Симона расхохоталась глуповатым смехом и пощекотала Орельена за ухом. Затем добавила:
— Братец и сестрица. — Подмигнула и пояснила доверительным и серьезным тоном: — Это у нас уже бог знает сколько времени тянется. Ты как-нибудь не проводишь меня домой? Я живу все там же.
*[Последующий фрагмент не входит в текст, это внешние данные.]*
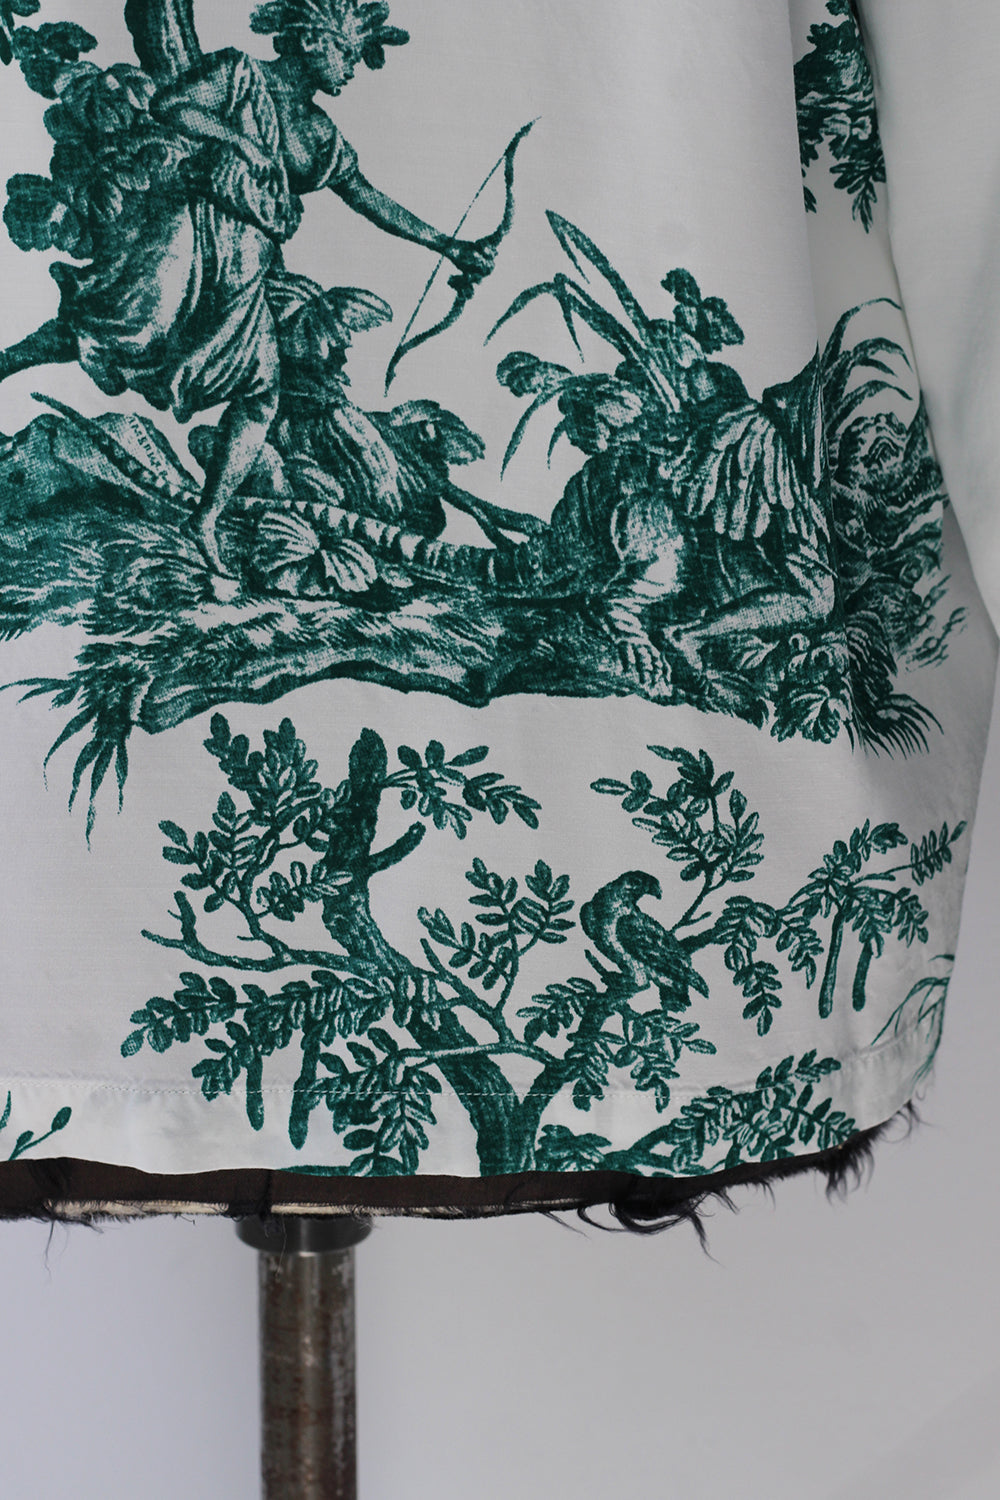 UNUSED "4 continents print long sleeve shirt" (white×green)

Доктор с любопытством разглядывал ее. Симона была всецело и только такой, какой ей полагалось быть. Довольно высокая, блондинка, стриженые волосы заботливо уложены сентиментальными локончиками вокруг кошачьей мордочки с коротким, вздернутым носом, за которым словно тянется верхняя губка, приоткрывающая мелкие, ослепительно-белые зубы. Сильно подкрашенные глаза и насиненные веки придали вечно вопросительное выражение ее лицу — ради стиля или просто от глупости. Спина и шея недурные, руки округлые, но из-за скверной привычки подымать плечи она выглядела сутуловатой и вид у нее был такой, словно она все время одергивает платье, шарф или, неожиданно застигнутая в постели, натягивает на себя простыню. Поэтому грудь казалась несколько впалой. И новое платье, хотя и дорогое, не производило впечатления шикарного. Будто с витрины на улице Пигаль или Фонтен. Розовое платье с опушкой более темных по тону перьев. У плеча — гвоздика с двумя зелеными листиками, которые непременно приколет вам к лацкану парижская цветочница, — как общепризнанный образец невесомо-воздушного стиля.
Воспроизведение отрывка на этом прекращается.